Surely there’s a better way? Of course there is. Since data really is the fuel that powers our beautiful insight machines, we better start acting like it; that is, we better move data integration from the storage layer to the computation layer, and we better leverage data meaning rather than just data location. My thought experiment describes our status quo and it’s not great. It’s workable but far from ideal. But the very near-term future looks much more troubling.
Four Reasons to Be Concerned
First, we appear to be nearing the end of a long cycle of data centralization and consolidation. The stunning success of cloud-based rejuvenations of old strategies like traditional data warehouses and ELT suggest the capstone rather than the beginning of a new era. If you look very closely you can see the turn starting to occur. I’m aware of at least six important startups in the data analytics and integration space that are pitching a near-term vision where data is integrated in a new way; all of them share the general view that, as I put it above, data integration needs to be relocated from, exclusively, the storage layer to the computation layer too.
Second, there is growing discontent at the business implications of this era of consolidation. Those implications include asymmetric, unrealistic cloud costs. For example, ingress fees are free and egress fees are growing consistently. They also include worry about vendor lock-in and growth in cloud costs generally.

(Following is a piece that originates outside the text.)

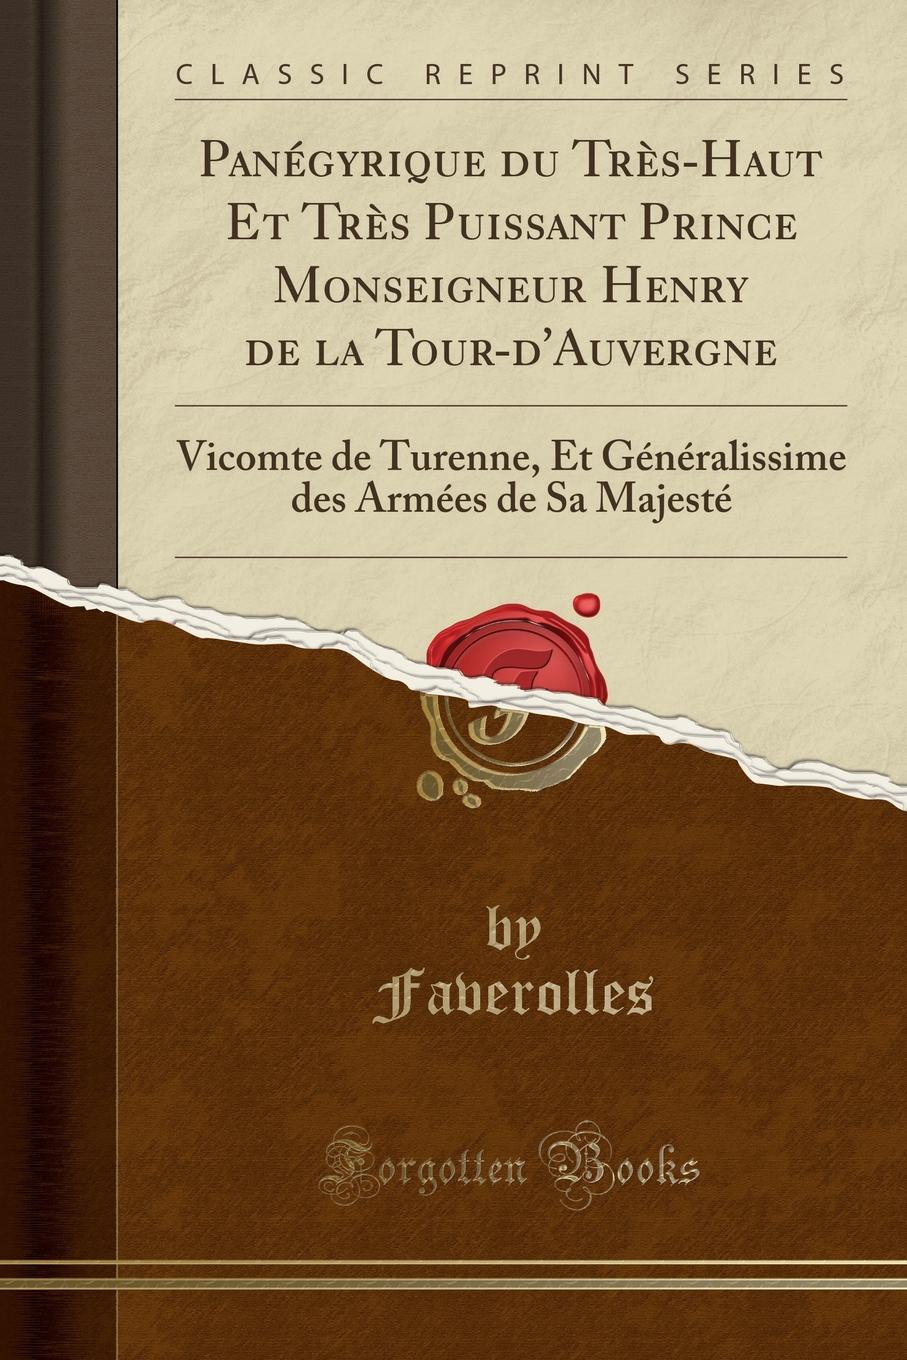 фото Panegyrique du Tres-Haut Et Tres Puissant Prince Monseigneur Henry de la Tour-d.Auvergne. Vicomte de Turenne, Et Generalissime des Armees de Sa Majeste (Classic Reprint)

In some specific markets, they include worries about competitive fairness. Enterprise customers are beginning to push back broadly.
Third, data repatriation is on the rise and that’s a sign that cloud-based Data Management will need to take account of this counter-cyclical trend. It’s tempting to dismiss repatriation by just looking at its volume and comparing it to the volume of data assets going the other way – that is, going into the cloud. I think that’s a mistake, since what matters less than where any particular data set lives is the much more crucial question: How many distinct data environments does the enterprise have to take account of in order to fuel analytics with data to generate insight?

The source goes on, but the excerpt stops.